WORK ITEM: Please restate each line of the data that follows word for word, skipping any image.

DATA SEGMENT:
——————————
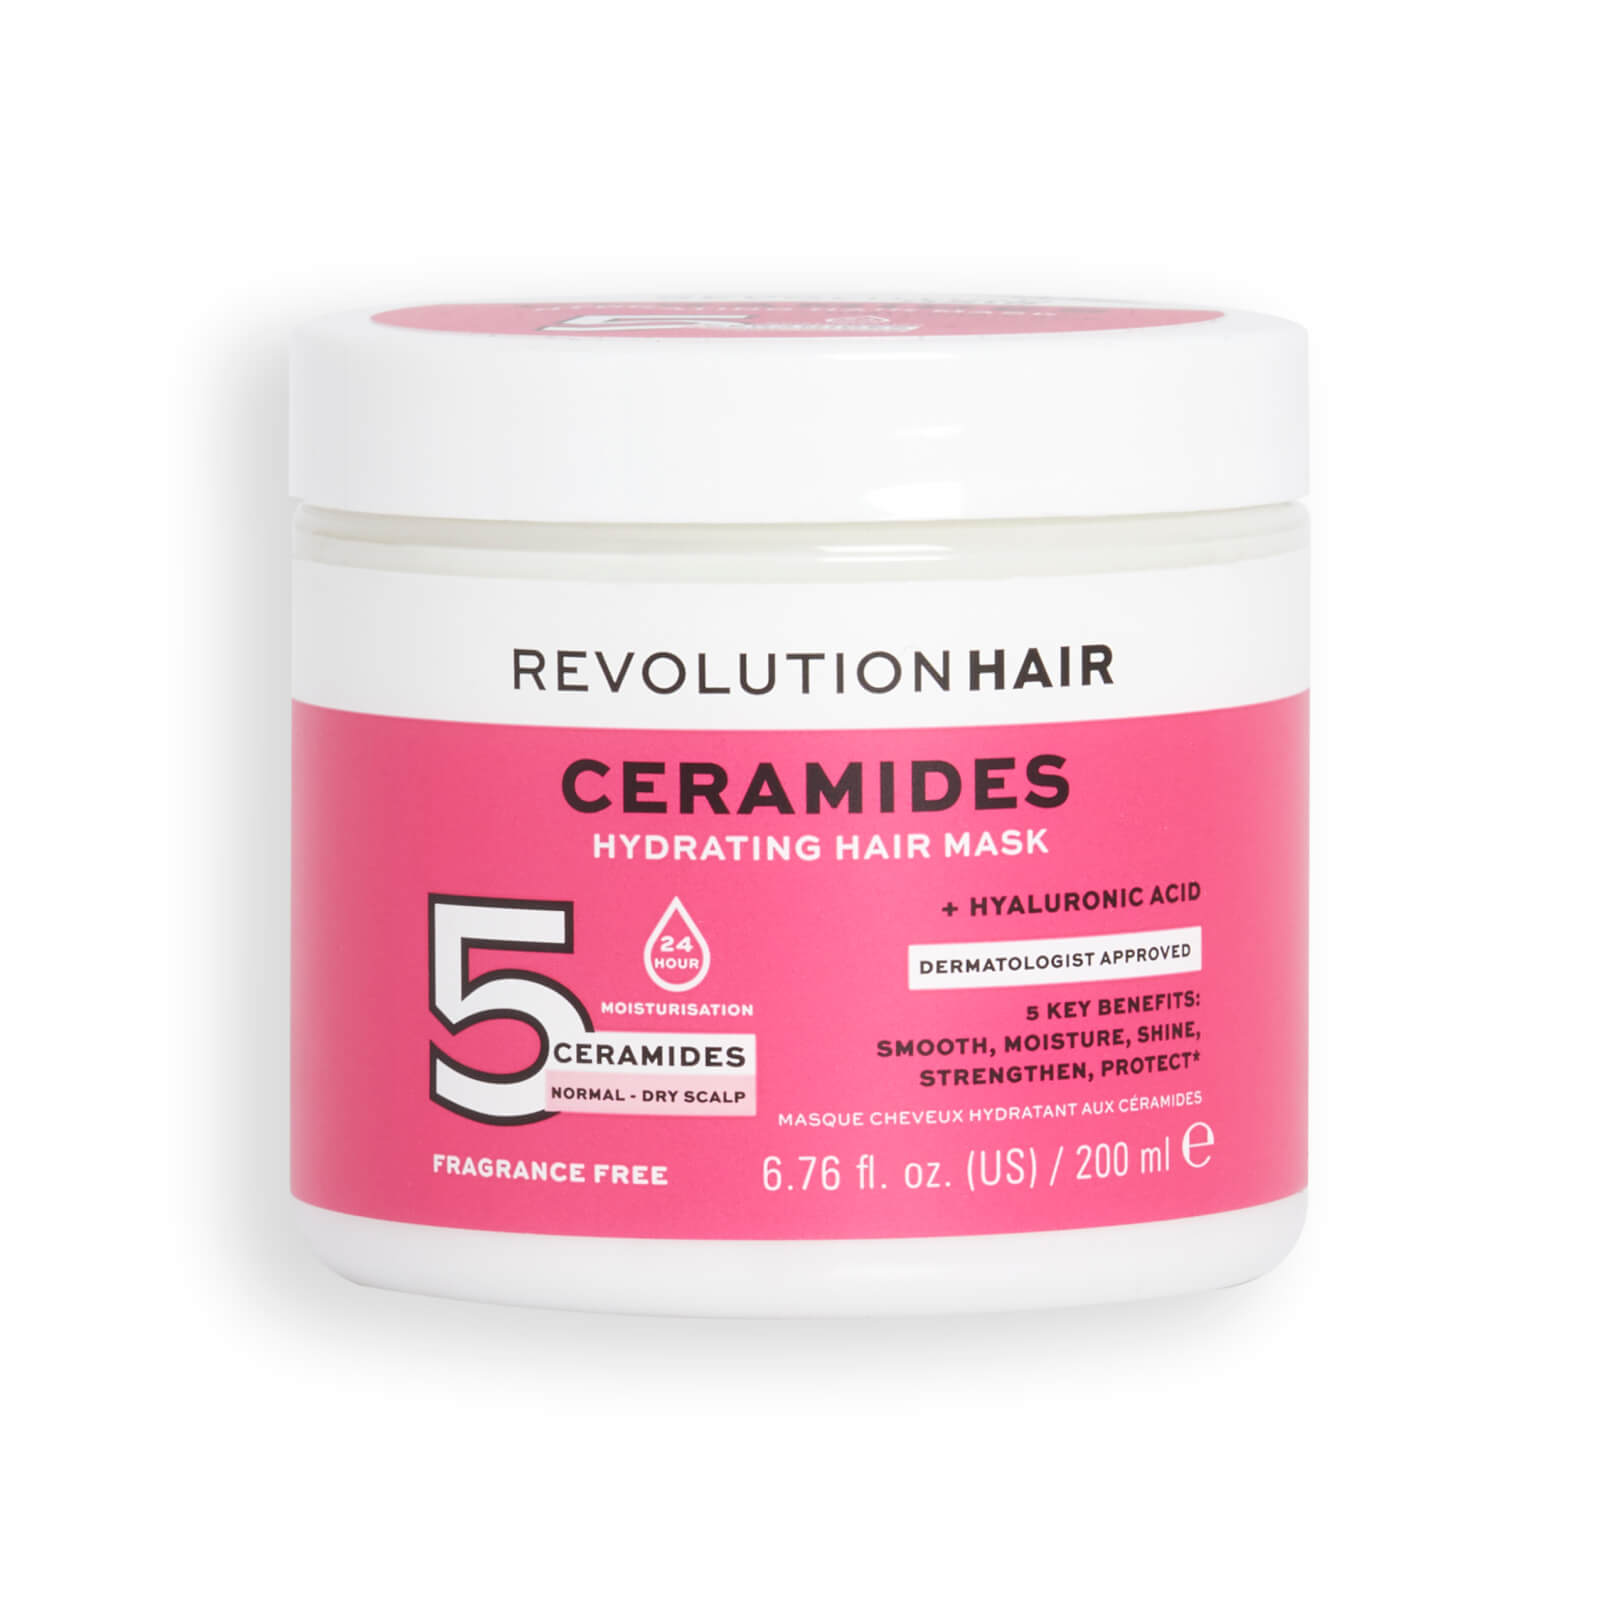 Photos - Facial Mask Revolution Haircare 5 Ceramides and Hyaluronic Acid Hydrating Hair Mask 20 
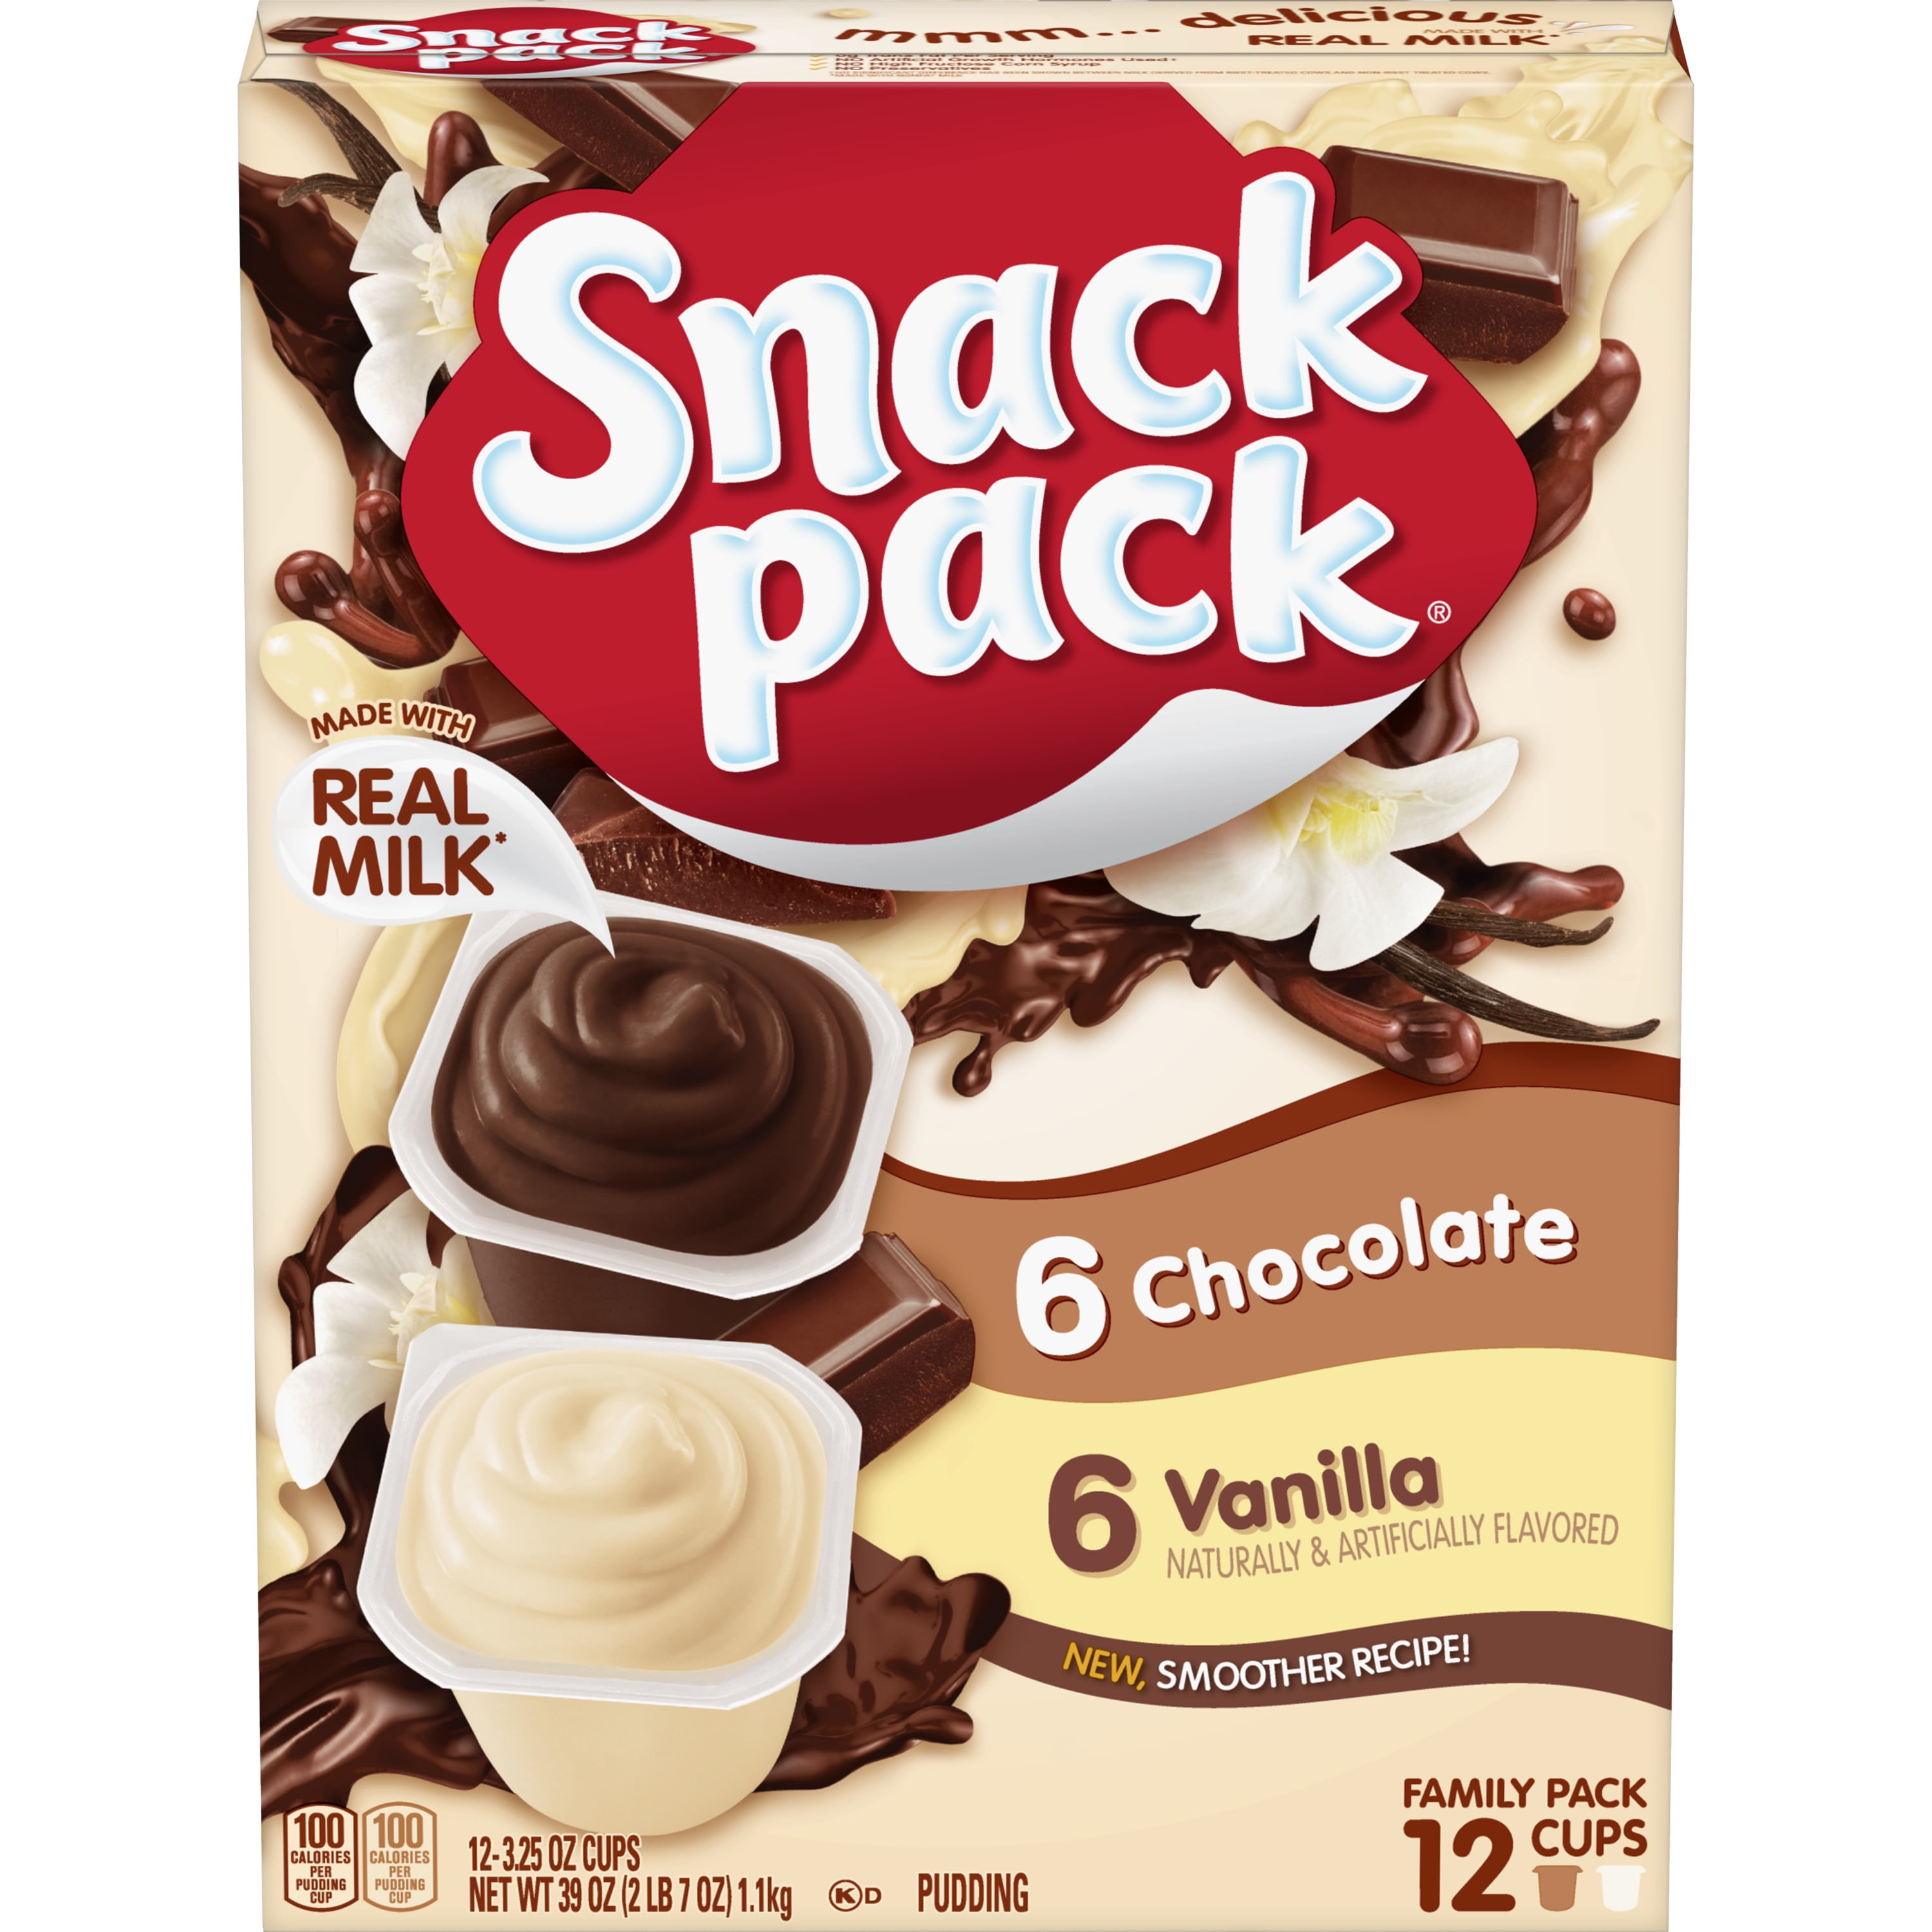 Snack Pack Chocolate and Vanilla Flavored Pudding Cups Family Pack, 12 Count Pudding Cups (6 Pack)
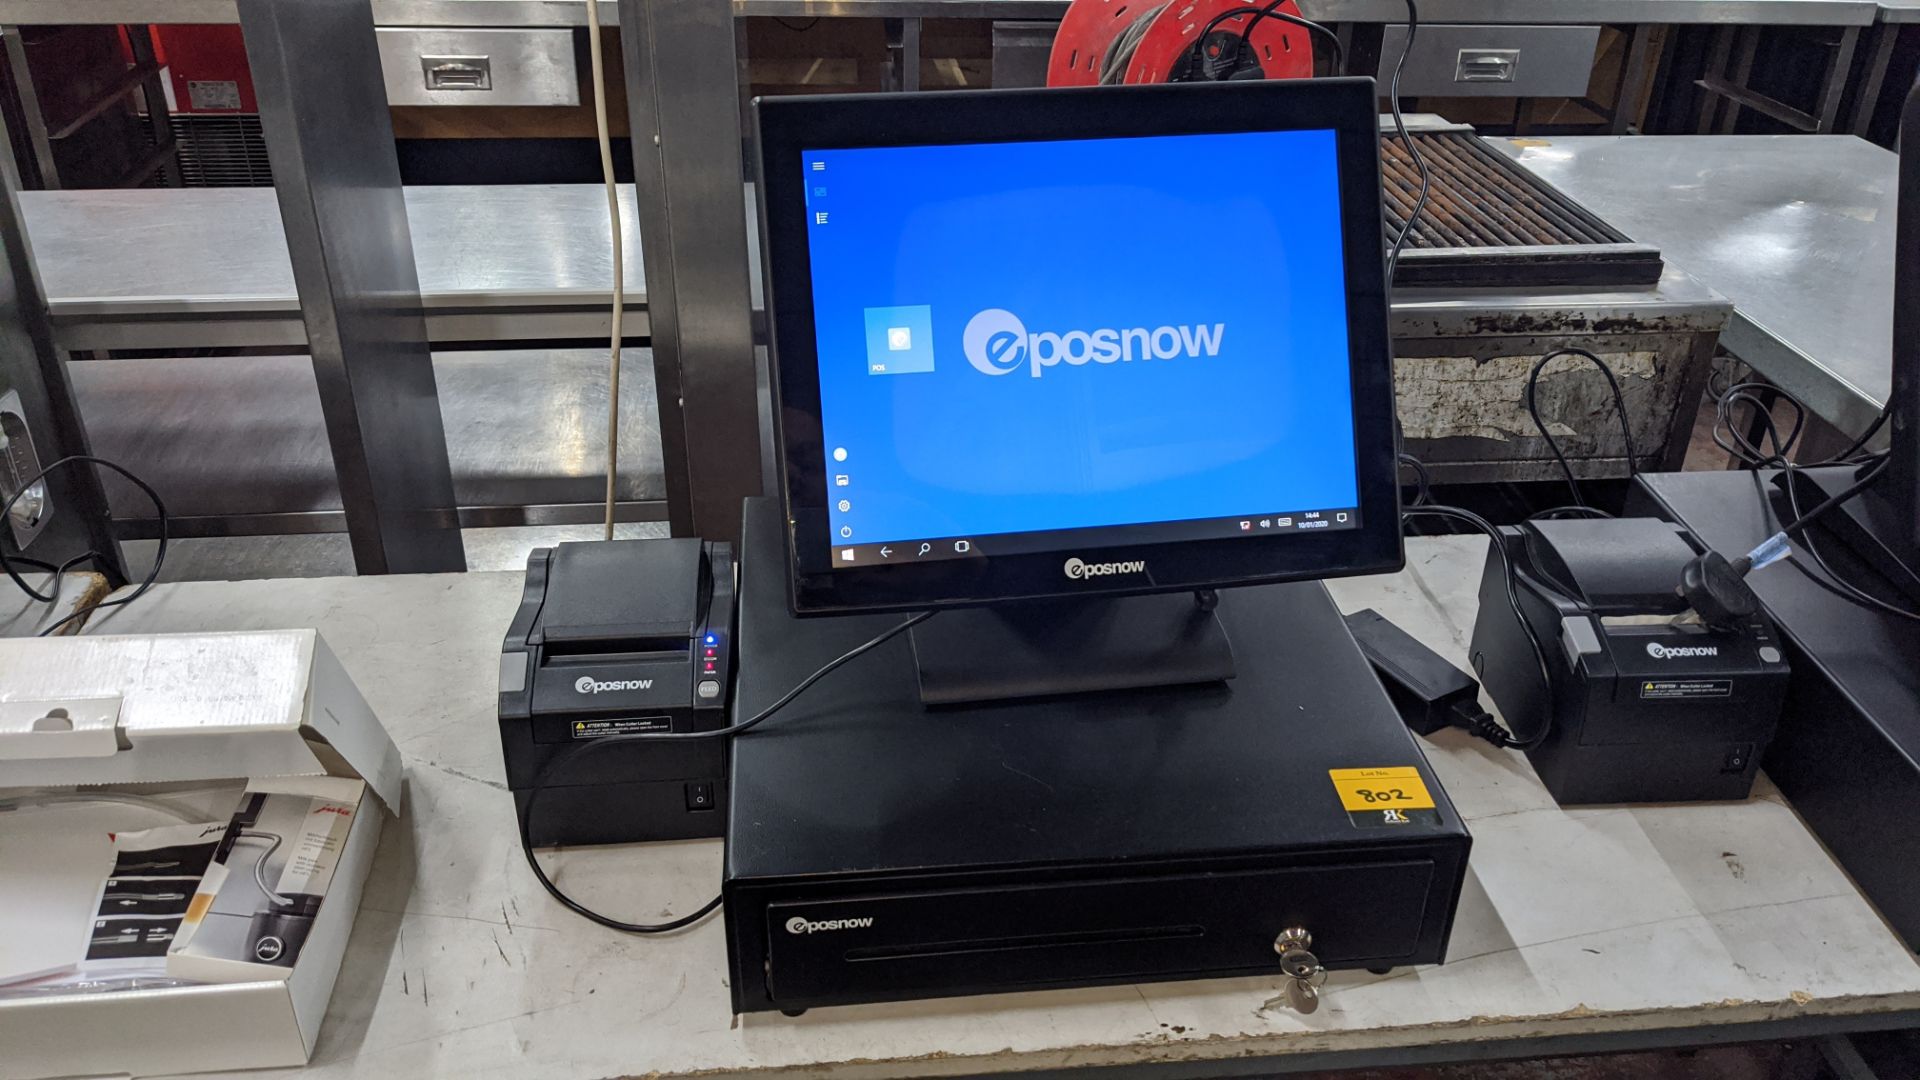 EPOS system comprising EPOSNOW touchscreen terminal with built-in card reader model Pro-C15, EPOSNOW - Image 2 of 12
——————————
SOLUTION:
 Photos - Facial Mask Revolution Haircare 5 Ceramides and Hyaluronic Acid Hydrating Hair Mask 20 
 Snack Pack Chocolate and Vanilla Flavored Pudding Cups Family Pack, 12 Count Pudding Cups (6 Pack)
 EPOS system comprising EPOSNOW touchscreen terminal with built-in card reader model Pro-C15, EPOSNOW - Image 2 of 12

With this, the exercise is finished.